WORK REQUEST: Every line from the line containing "km/h, Euro 4" through the end of the data is to be reproduced exactly, excluding pictures.

DATA BLOCK:
* * * *
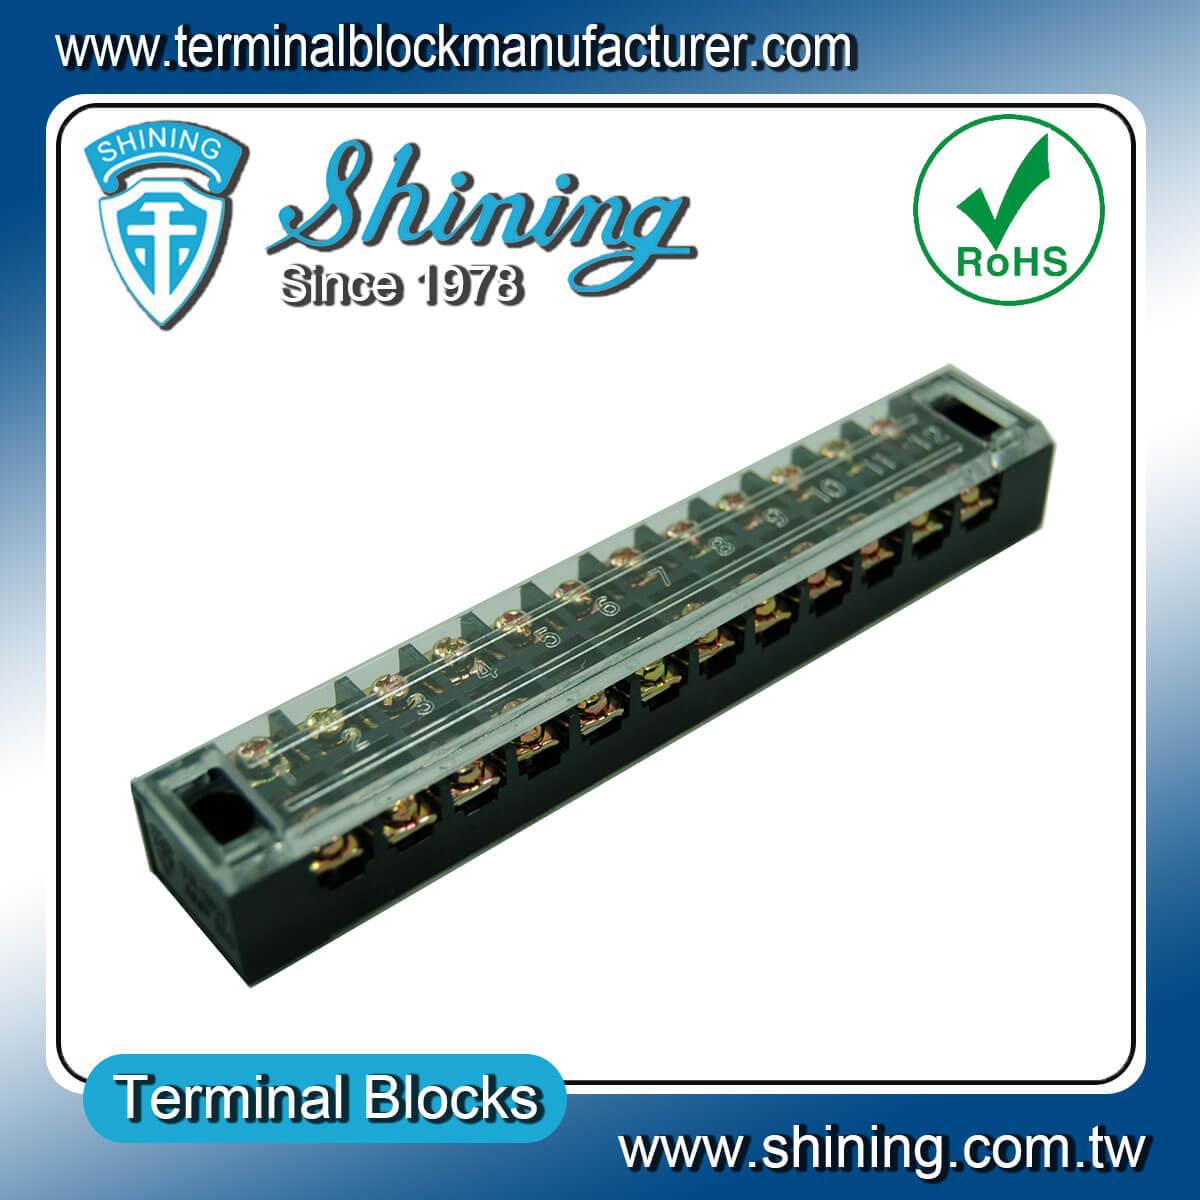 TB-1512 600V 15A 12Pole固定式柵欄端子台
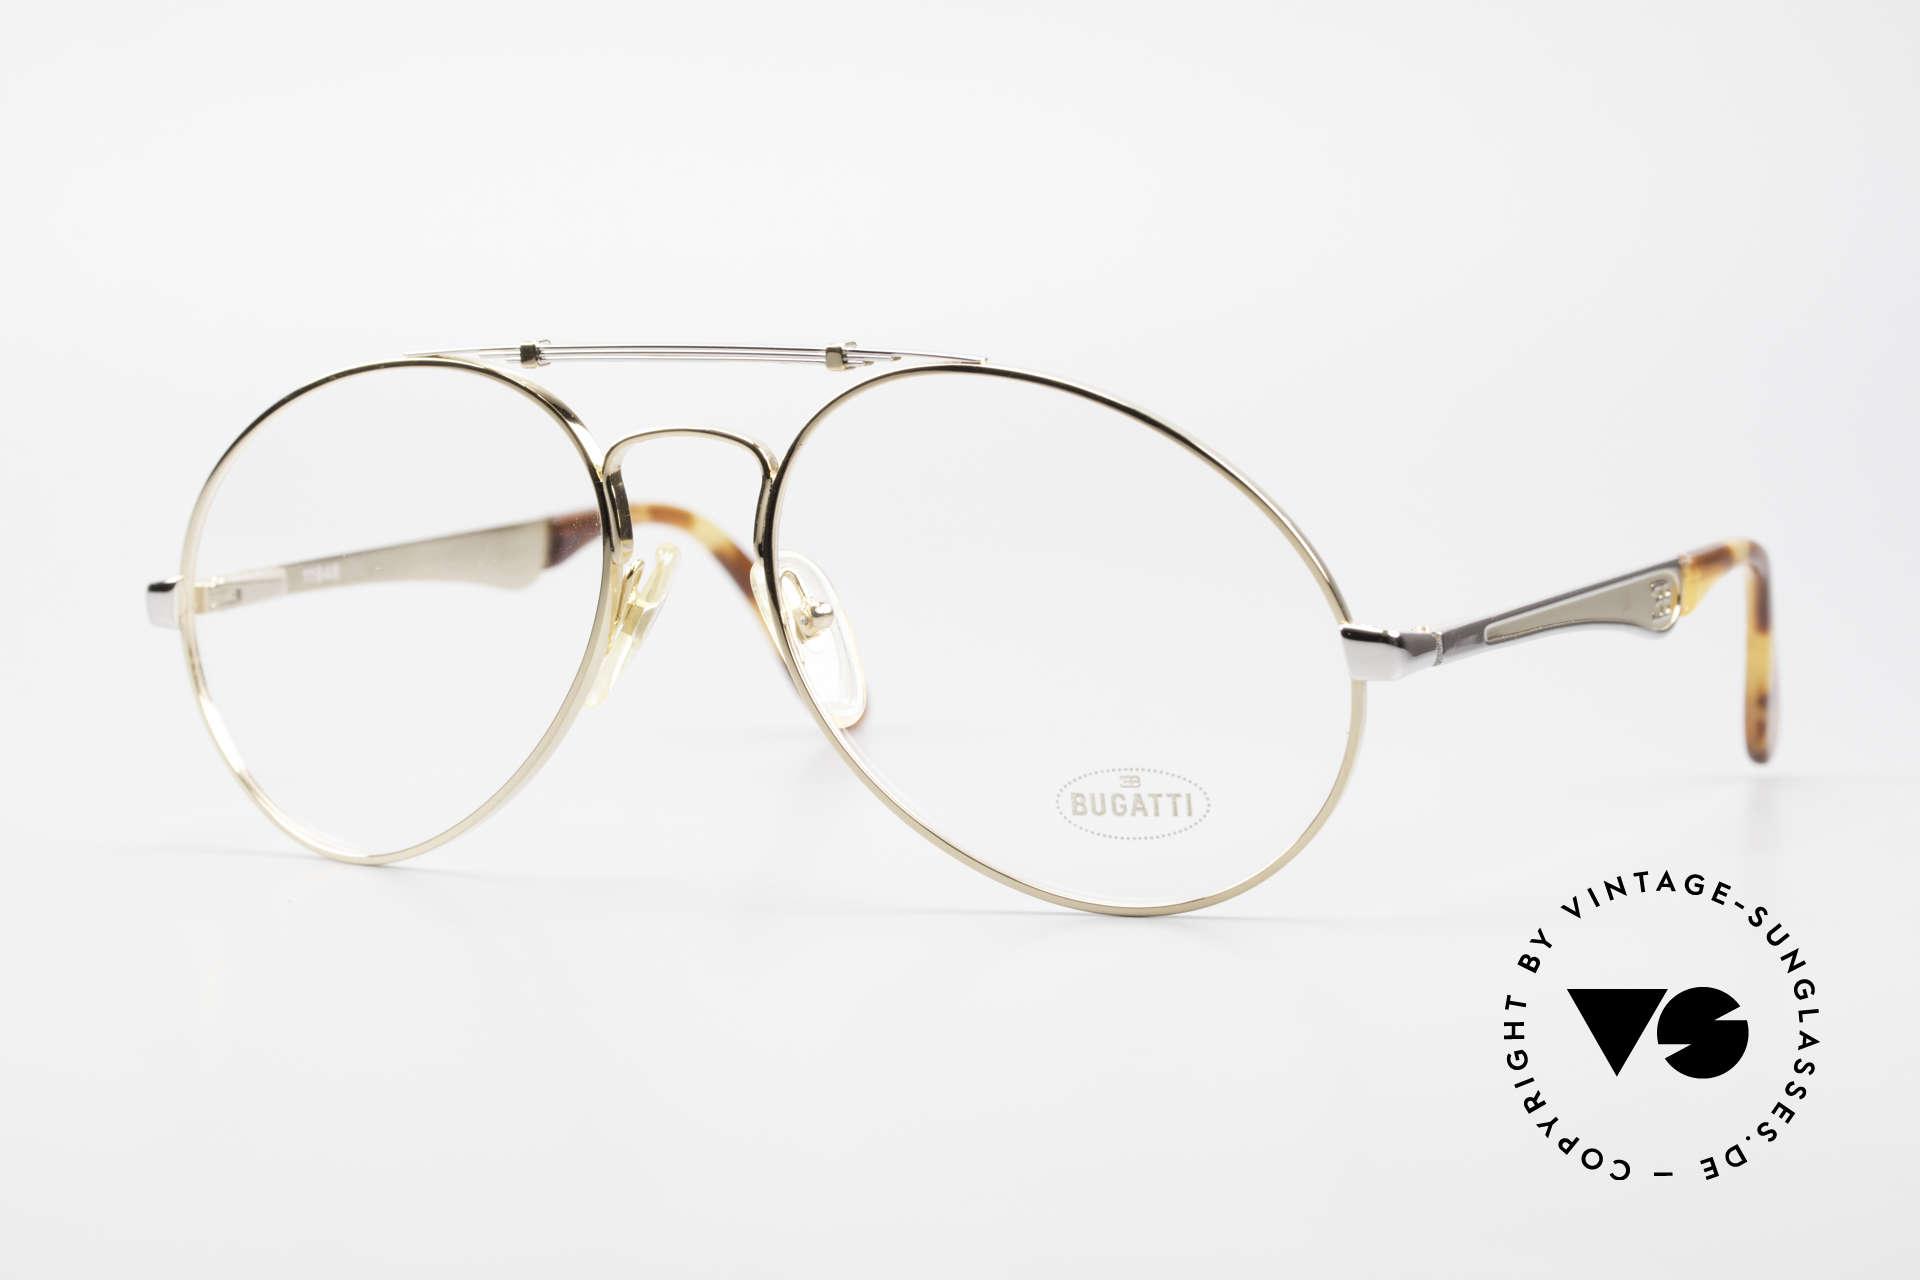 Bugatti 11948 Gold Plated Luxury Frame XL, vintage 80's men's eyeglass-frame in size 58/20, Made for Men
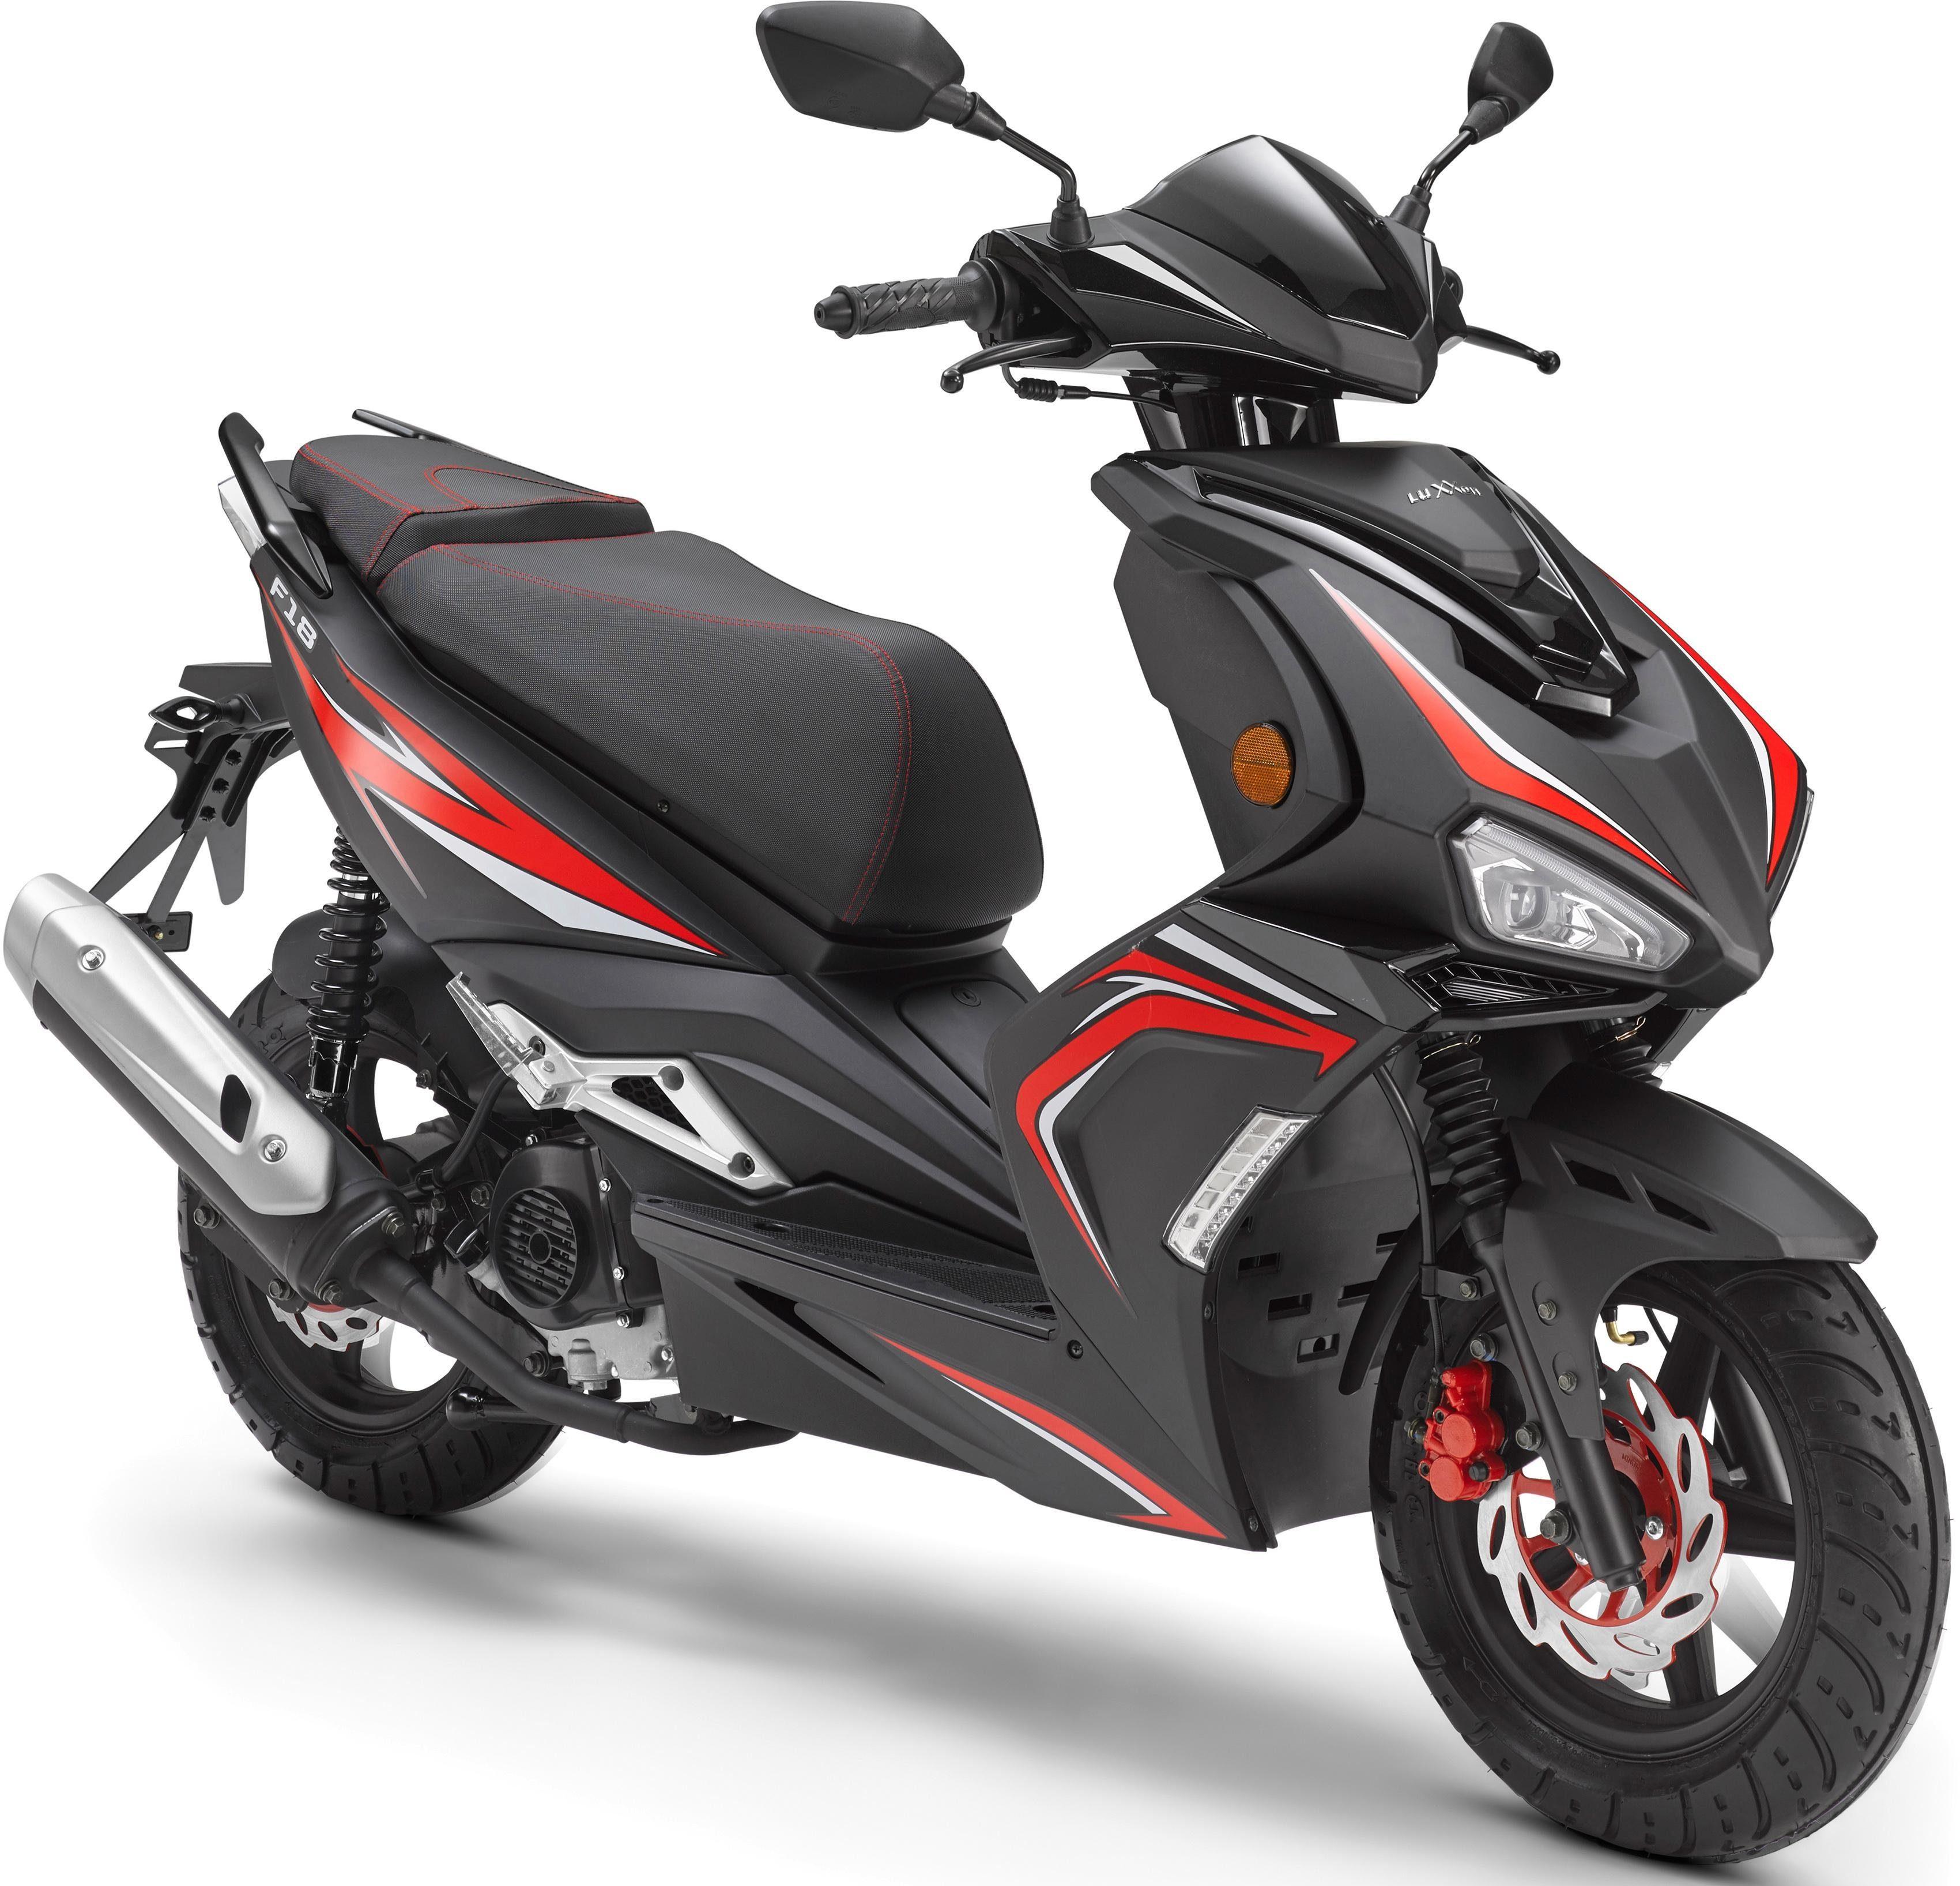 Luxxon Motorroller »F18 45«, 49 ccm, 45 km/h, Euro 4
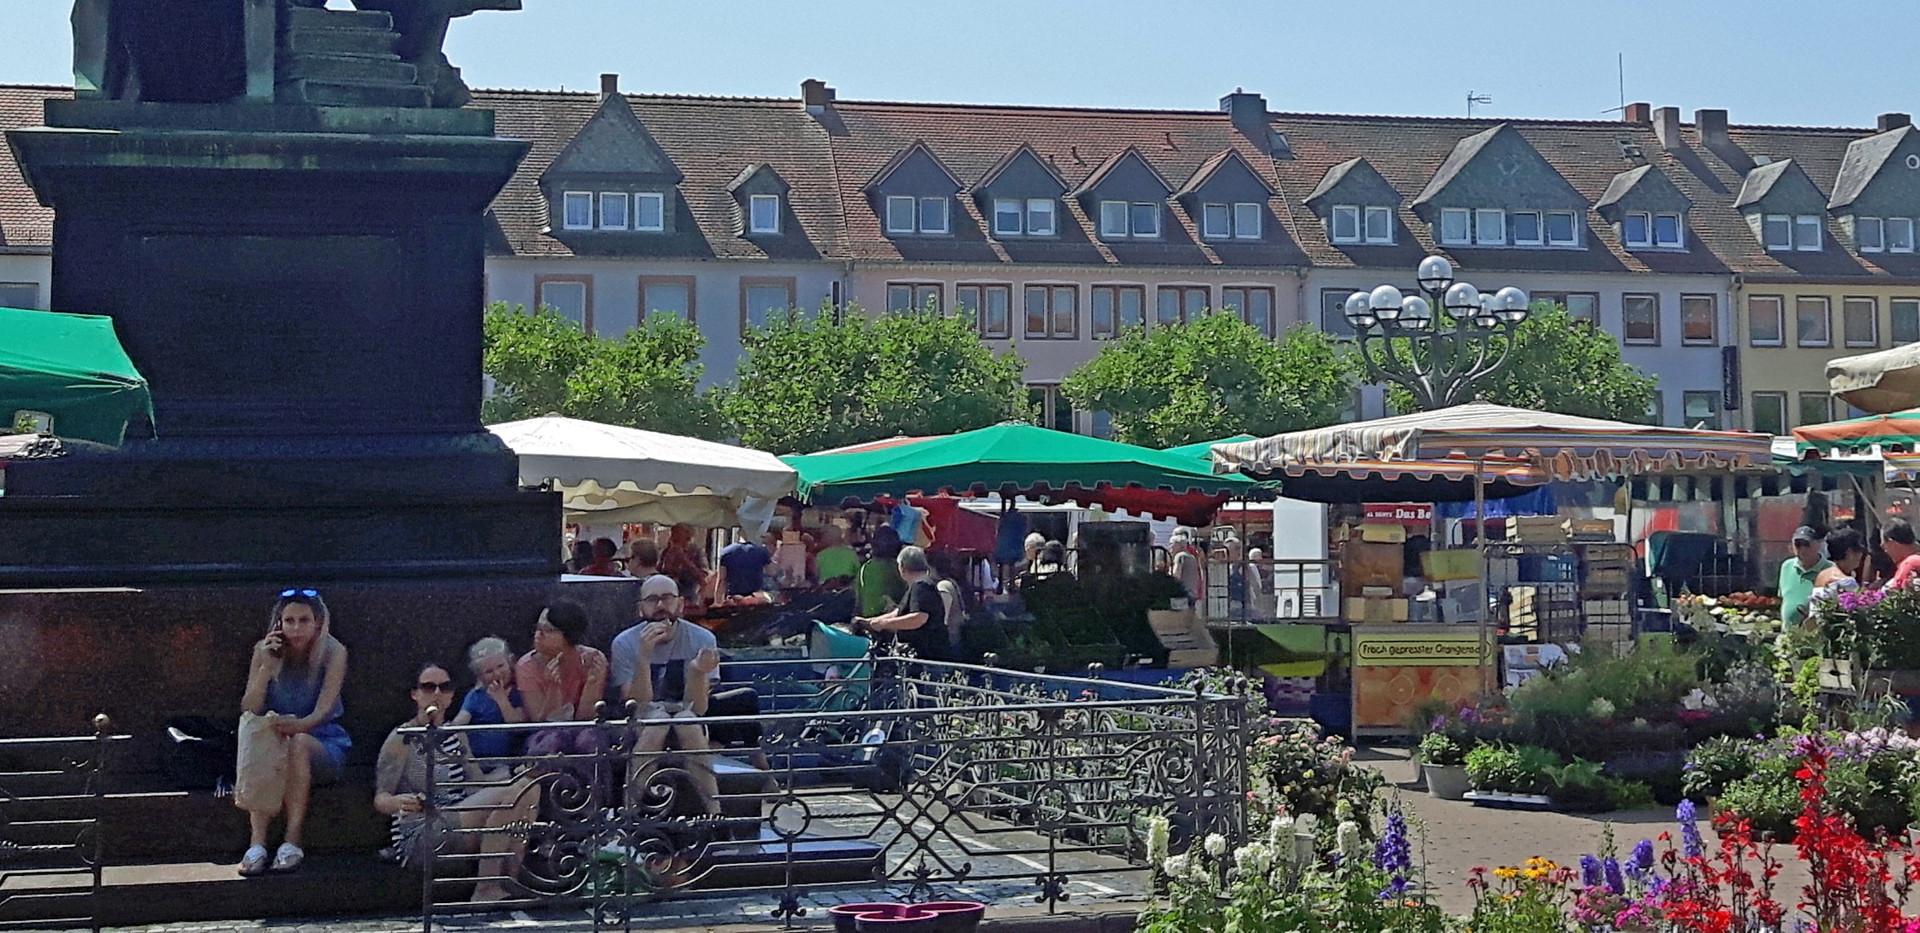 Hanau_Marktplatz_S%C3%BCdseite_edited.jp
* * * *
WRITTEN RESPONSE:
 Luxxon Motorroller »F18 45«, 49 ccm, 45 km/h, Euro 4
 Hanau_Marktplatz_S%C3%BCdseite_edited.jp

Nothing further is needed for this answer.